Delivered the art today to Art San Diego (in cool Balboa Park). Walking through there, I felt incredibly proud to be exhibiting amongst all the amazing art. This is a stellar show.

I know I’m a good artist. I know I can express in a unique way. And I know I’m not the best, but sometimes I reach the best I can be. That’s a good thing.

But some of this art, today ... well, let’s just leave it at a big wow. A couple of pieces left me feeling humbled before exposed humanity, and all I had time for was to walk by them. I’m gonna love exploring all this cool work over the next several days.

I should suggest this more often: Get out and get in front of some art that gets you in the gut, gives you goosebumps, gives you that thrill in the chest like a deep bass beat – but better, more deeply – a thrill that hums inside.

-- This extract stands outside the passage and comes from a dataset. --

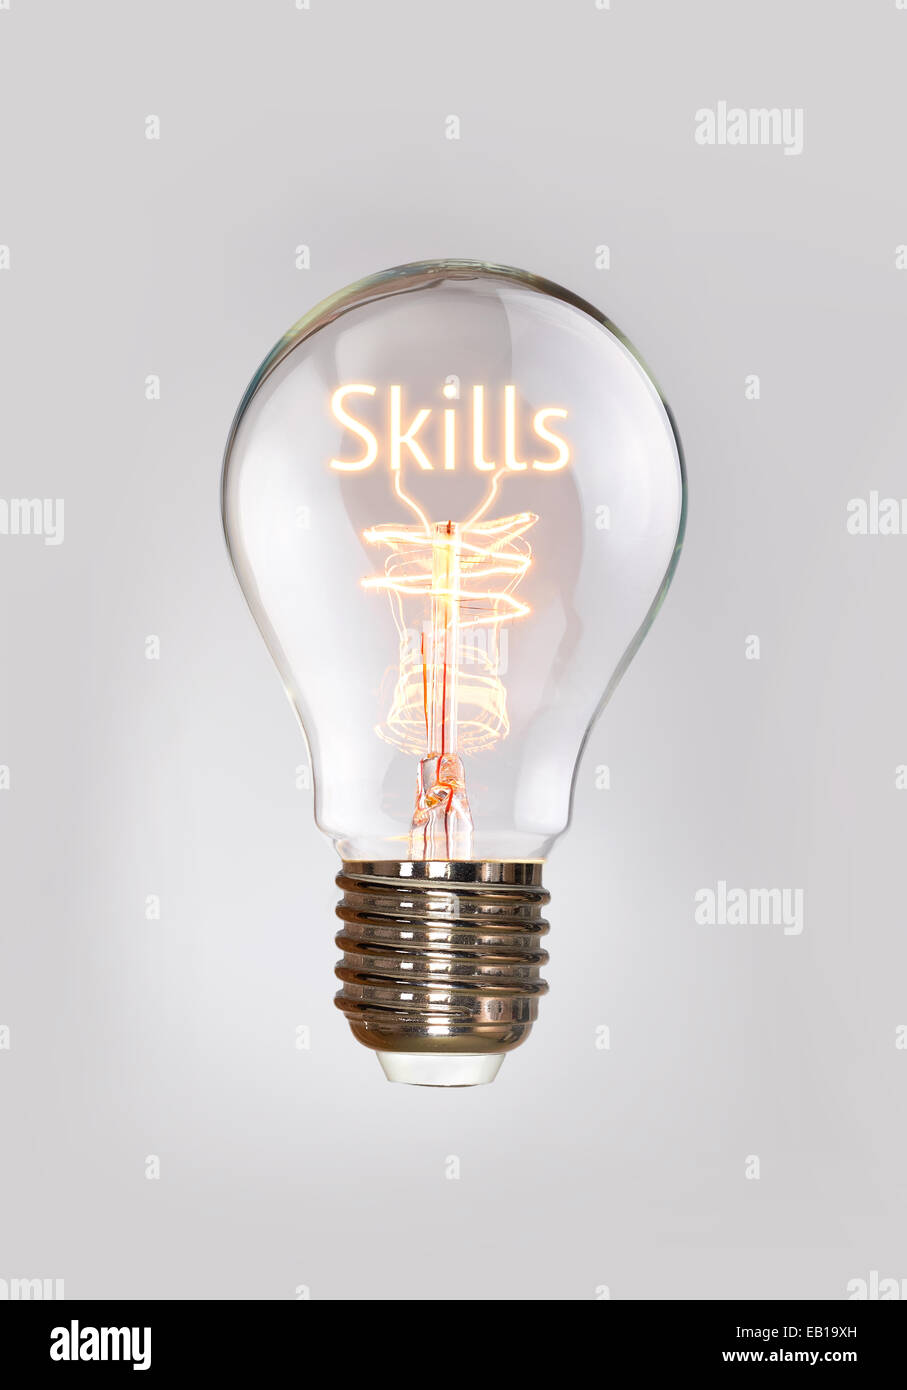 Skills-Konzept in ein Filament-Glühbirne. Stockbild

Art reminds us of things we’ve forgotten, tells us things we could never get in any other way. It makes us soooo much more human than we often remember to take time for in our everyday lives.

You don’t have to buy it if you can’t afford it. You can just remember it, and the experience of it.

I’ll never forget a Nathan Oliveira piece I saw at John Beggruen’s Gallery in SF well over a decade ago. One of his red-figure silhouettes. I couldn’t talk afterwards, it hit me so hard.

I don’t have to own it to remember it and how it affected me. I’m not even sure I could handle that affect everyday. Not even sure I’d like the experience of starting to ignore it … could that happen? Point is moot, could not have afforded it. But I will always remember how it affected me.

Can’t wait til tomorrow night, when the VIP reception hits and there’s amazing art to be encountered in the halls … and I come home exhausted from either talking or engaging with the art. So thankful.

Thanks to you, too, for following along.